Start of DATA BLOCK

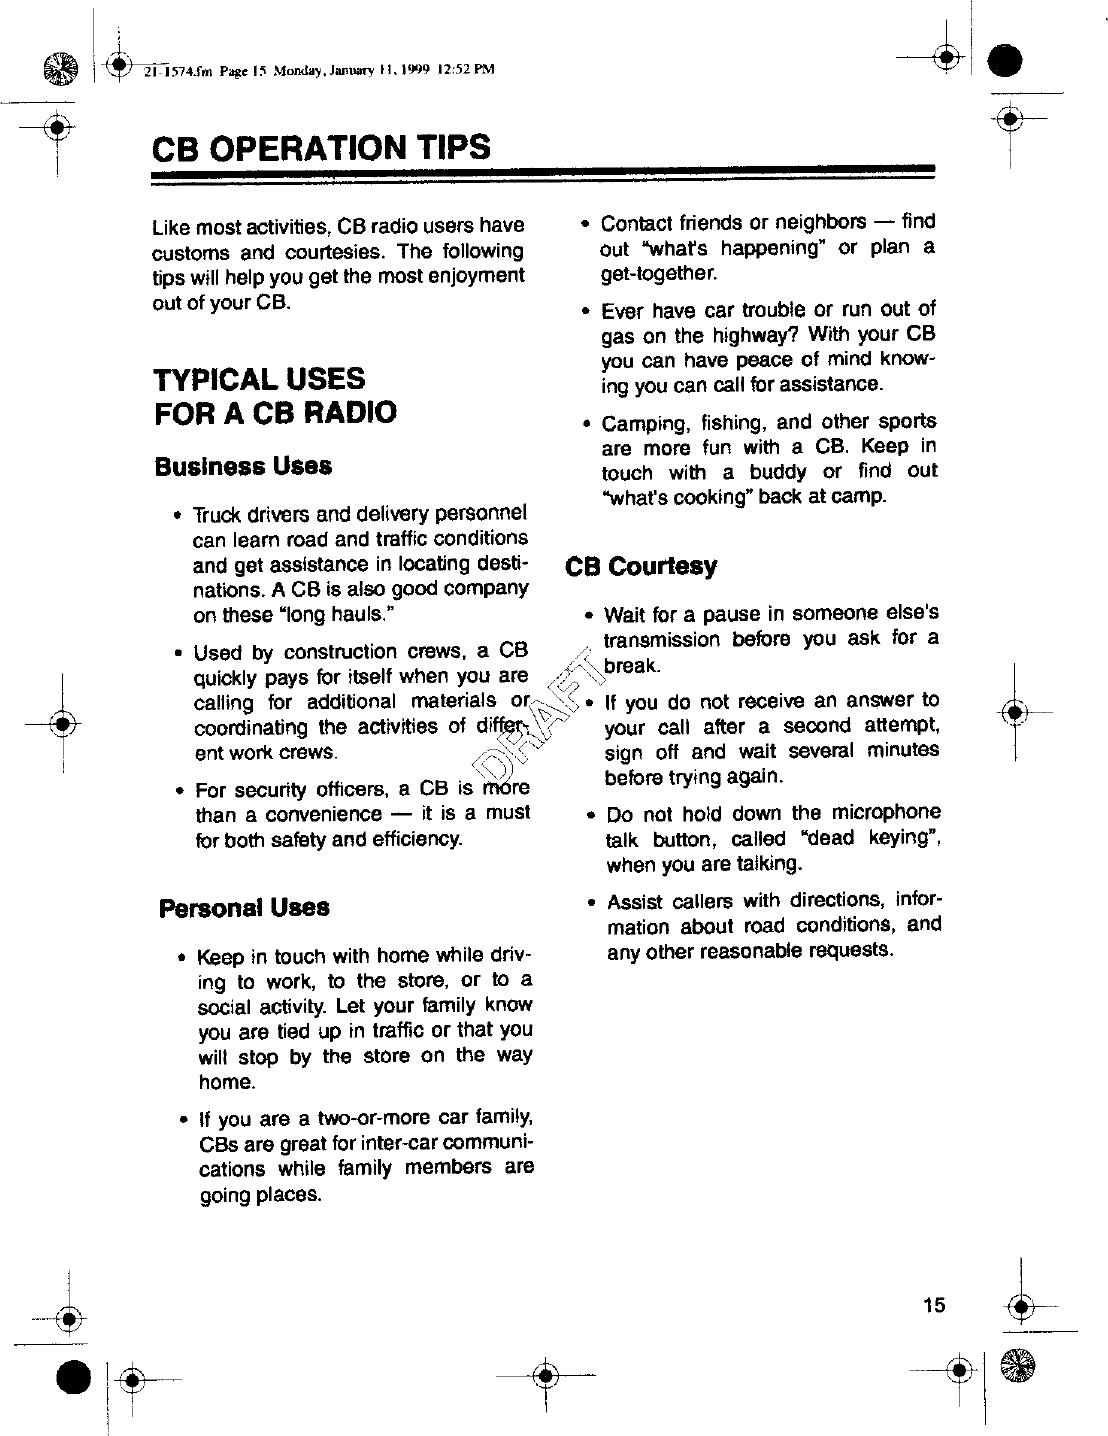 Radio Shack 2101574 User Manual 30720
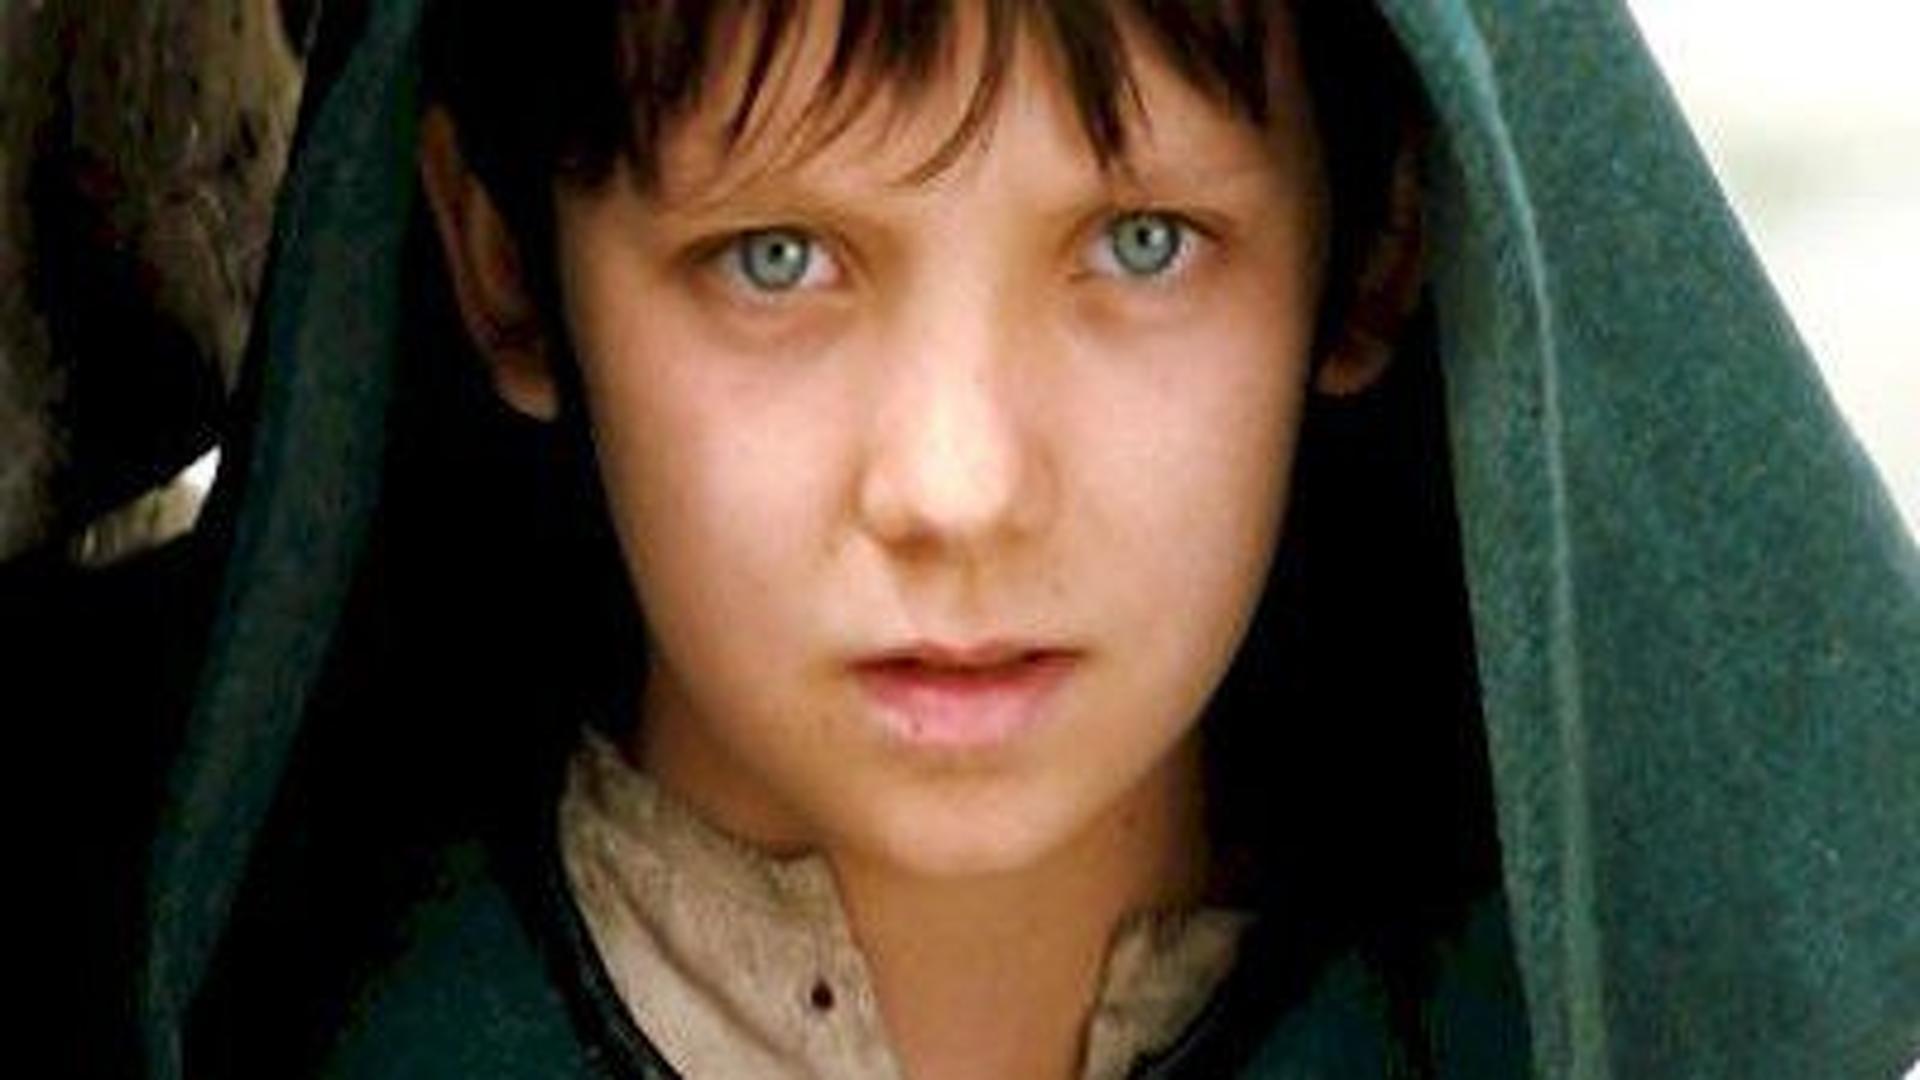 Merlin season 1 episode 7 2008 - Merlin Season 2 Episode 10 2008 S01e7 The Gates Of Avalon Merlin
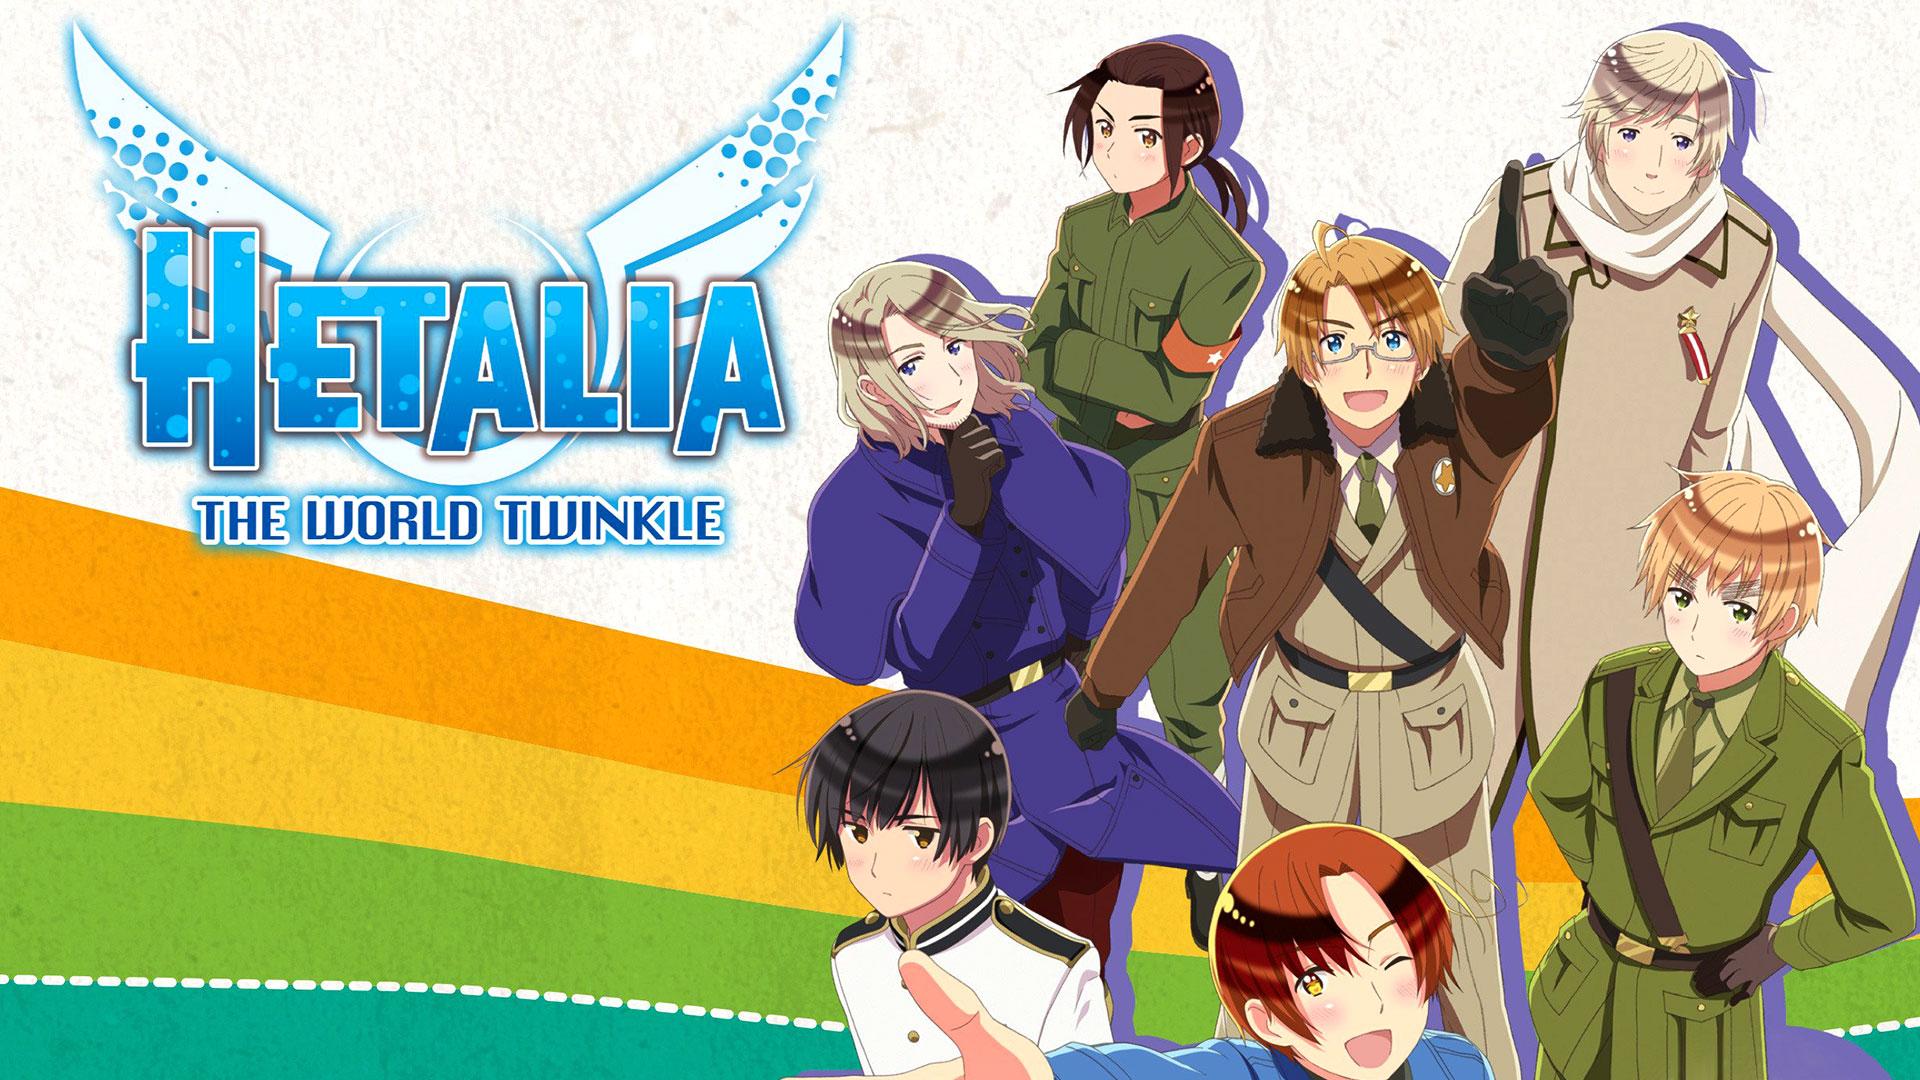 Hetalia: The World Twinkle, Season 6

End of DATA BLOCK

BRIEF
All of the data must be repeated exactly, except for the pictures.

ANSWER BELOW
 Radio Shack 2101574 User Manual 30720
 Merlin season 1 episode 7 2008 - Merlin Season 2 Episode 10 2008 S01e7 The Gates Of Avalon Merlin
 Hetalia: The World Twinkle, Season 6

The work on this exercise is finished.